I'm Cliff Stone from not-so-sunny (today) Southend.
Introduced to the site by a workmate who is ex RAF.
Main interest through the years has been anything that flies, up to early jets, not so much modern jets and a big interest in the 8th and 9th Airforce.
Involved in my younger years with the Historic Aircraft Museum at Southend, then with a Stan and Dave Brett connection to Duxford, Andrewsfield and finally Earls Colne, produced the newsletter for some years for the Rebel Air Museum.
Spent many happy hours on the old airfields of East Anglia (my cars have been more at home on runways than roads).
Big birthday this year so planning a Mustang flight with Stallion 51 in Florida, can't fly a Spitfire so happy to settle for second best!
Noticed a few folk on here local or with a Rebel Air Museum connection so please say hello.
I've been trying to find out for some time what happened to the Rebel Air Museum.
I flew into Earls Colne a good few years back and discovered that the Museum was there, but sadly closed at the time of our visit. I was interested as my father’s youngest brother, sadly no longer with us, was a navigator in 39 squadron (RAF) and was one of the few Brits to have served in B26 Marauders. They had previously been equipped with Beaufighters in anti shipping ops it Mediterranean but re-equipped with the Marauders flying tactical bombing missions over Yugoslavia in support of Tito’s forces there. A squadron song mocks their successes by noting the amount of “ploughing” they did by missing the target and hitting fields
Some years later I phoned the airfield to find out if the Museum was still there and was told that it had folded when its founder had passed away? I often wondered what happened to all the exhibits? In particular I believe there was a nose section of a B26? Now a very rare bird since one of the few preserved examples crashed a few years ago.

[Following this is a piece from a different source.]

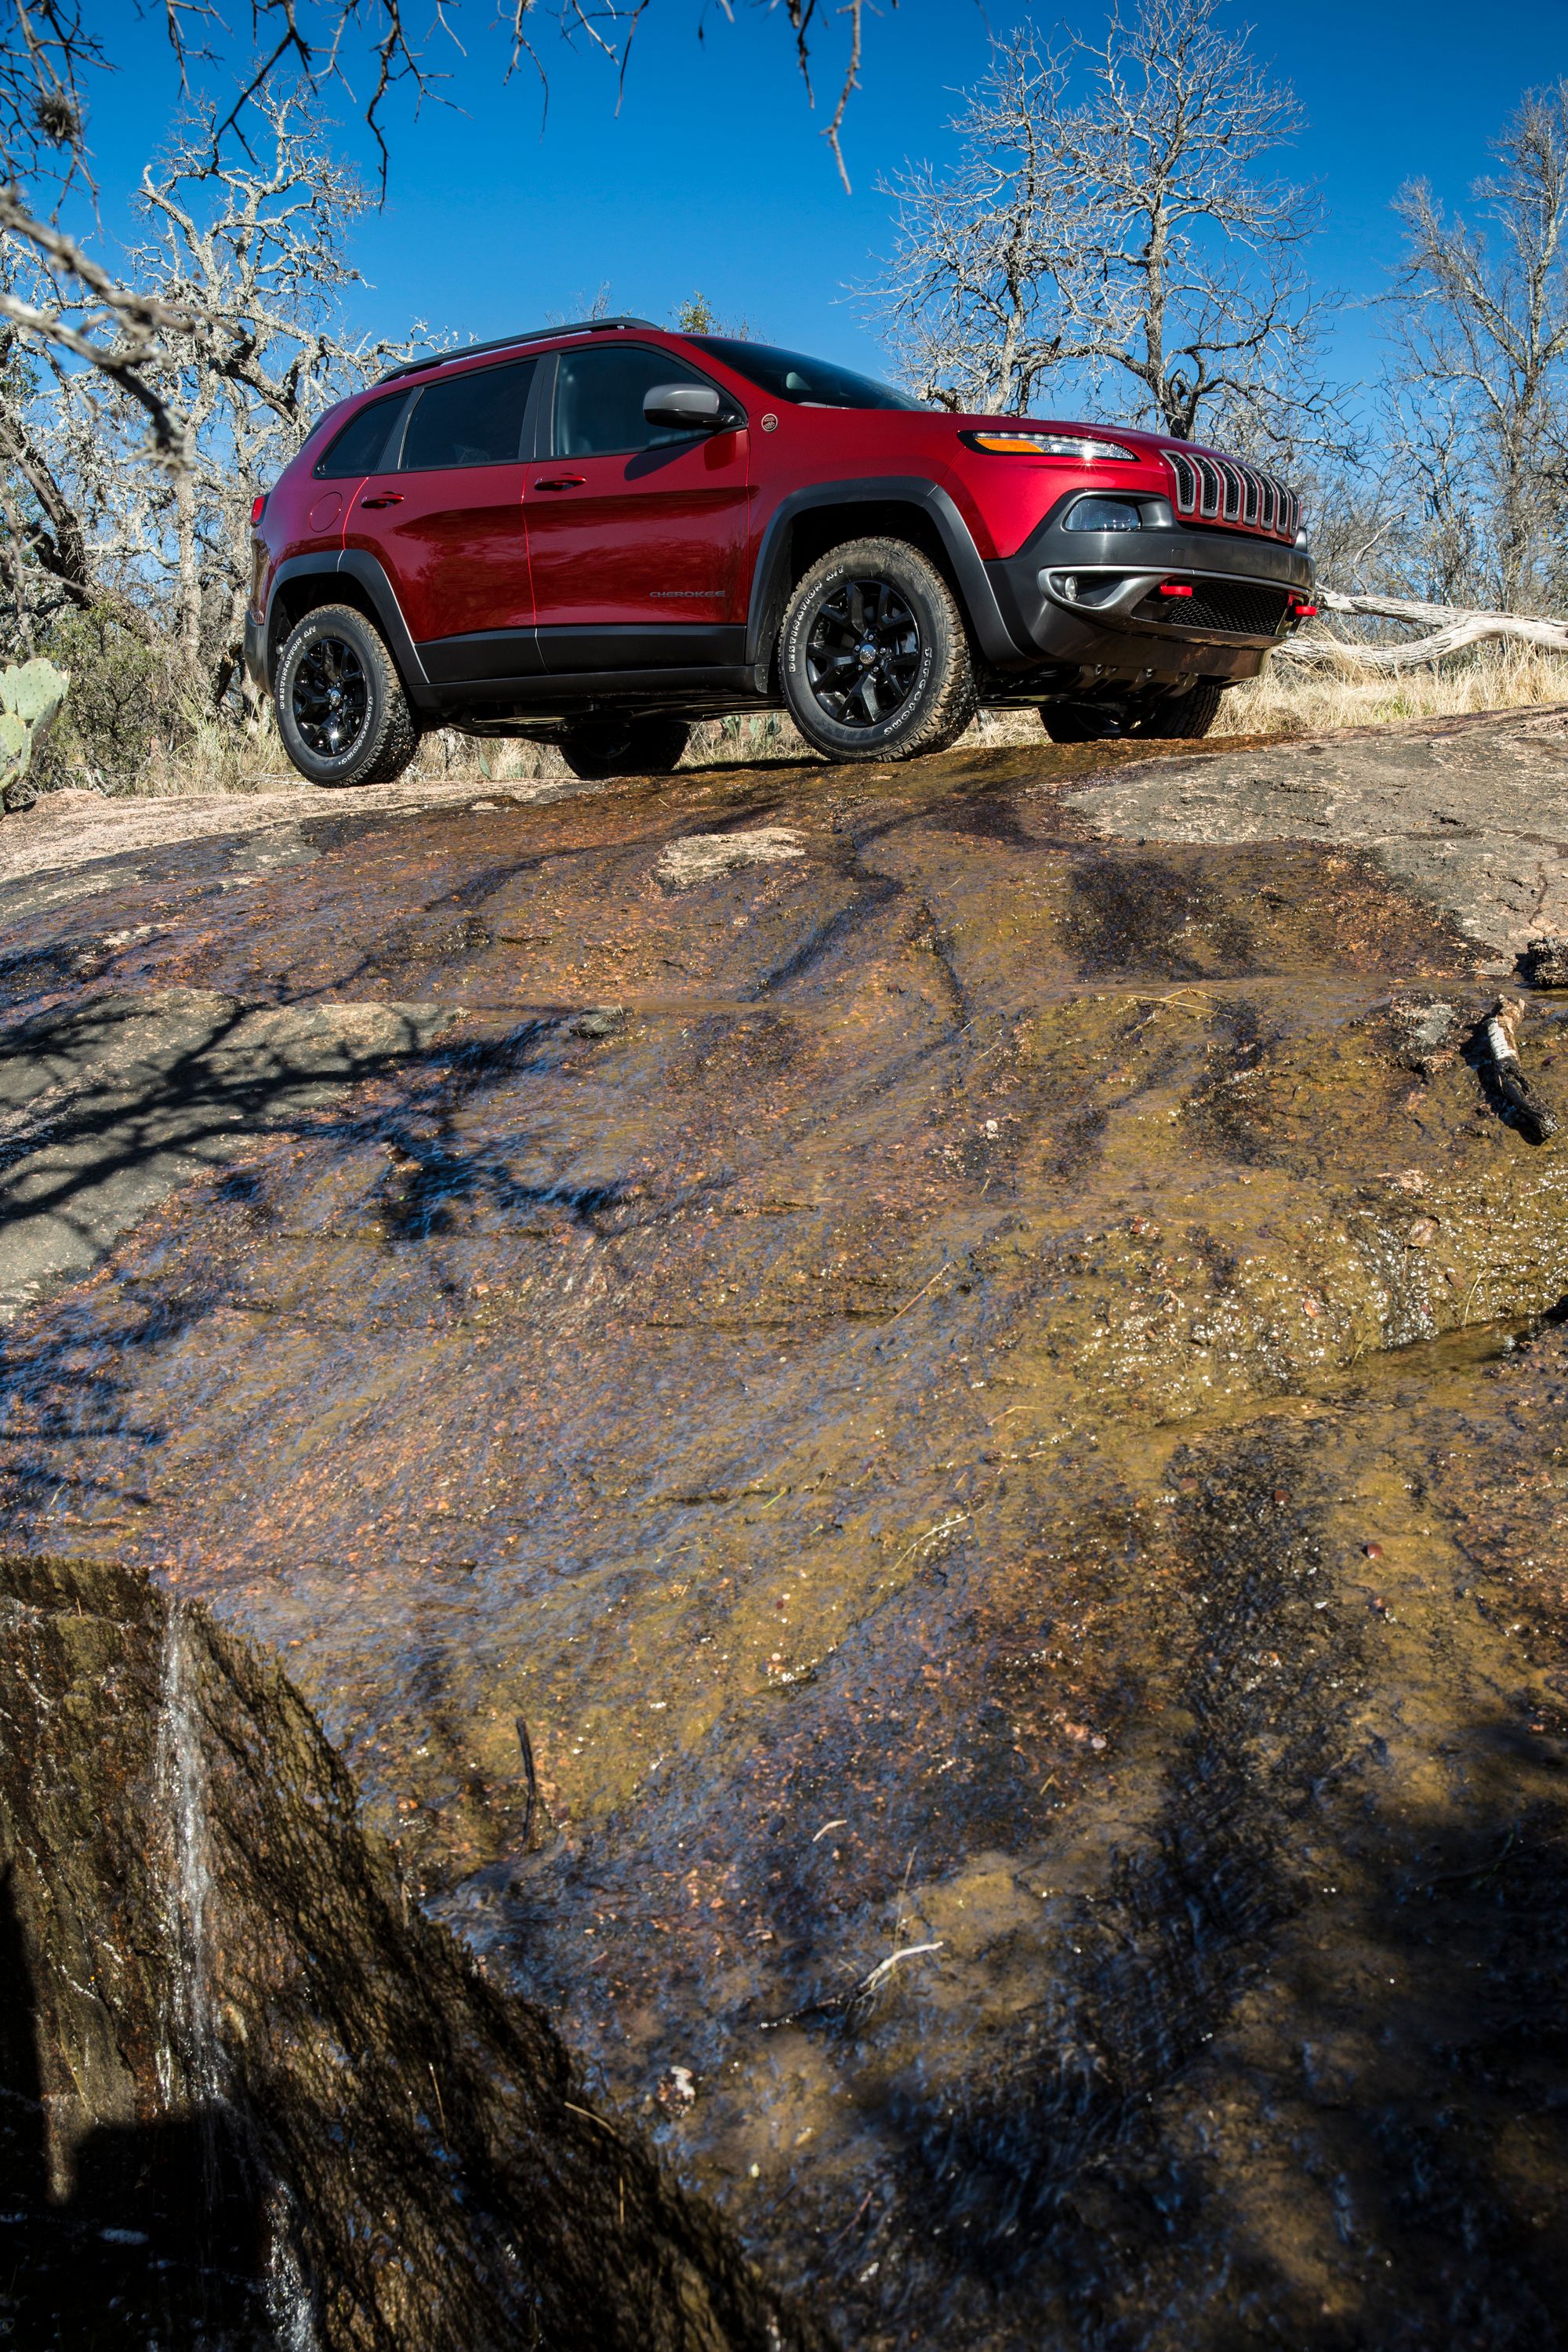 2014 Jeep Cherokee

Any info much welcomed. Sorry I missed it whilst it was there.
sadly the "wrong end" for my Uncle as a navigator ....unless they had "the can" in the tail?
Still wonder what else I missed? Flew in on 27/10/94 according to my log book. It was a big building as I recall compared to Boxted's two Nissan Huts? The Sports leisure Centre at the site next to the Airfield had dozens of excellent paintings of WWII ops mainly USAAF as I recall. Did an excellent coffee too!
My name is Adrian and I worked as a volunteer at the Rebel Air Museum from late Summer, through the autumn and into early winter of 1989. I was 18 at the time and I helped sand down the concrete floor of, what was then, the new building, helped sort and move exhibits into the building when it was completed and also helped demolish a couple of the caravans where some of the smaller exhibits were stored. My mum came down for a weekender once and helped me tear apart an old caravan (a bonding moment for sure!) and she sign onto the mailing list. Dave sent her newsletters for quite a while and she kept all of them, wondering why they stopped coming.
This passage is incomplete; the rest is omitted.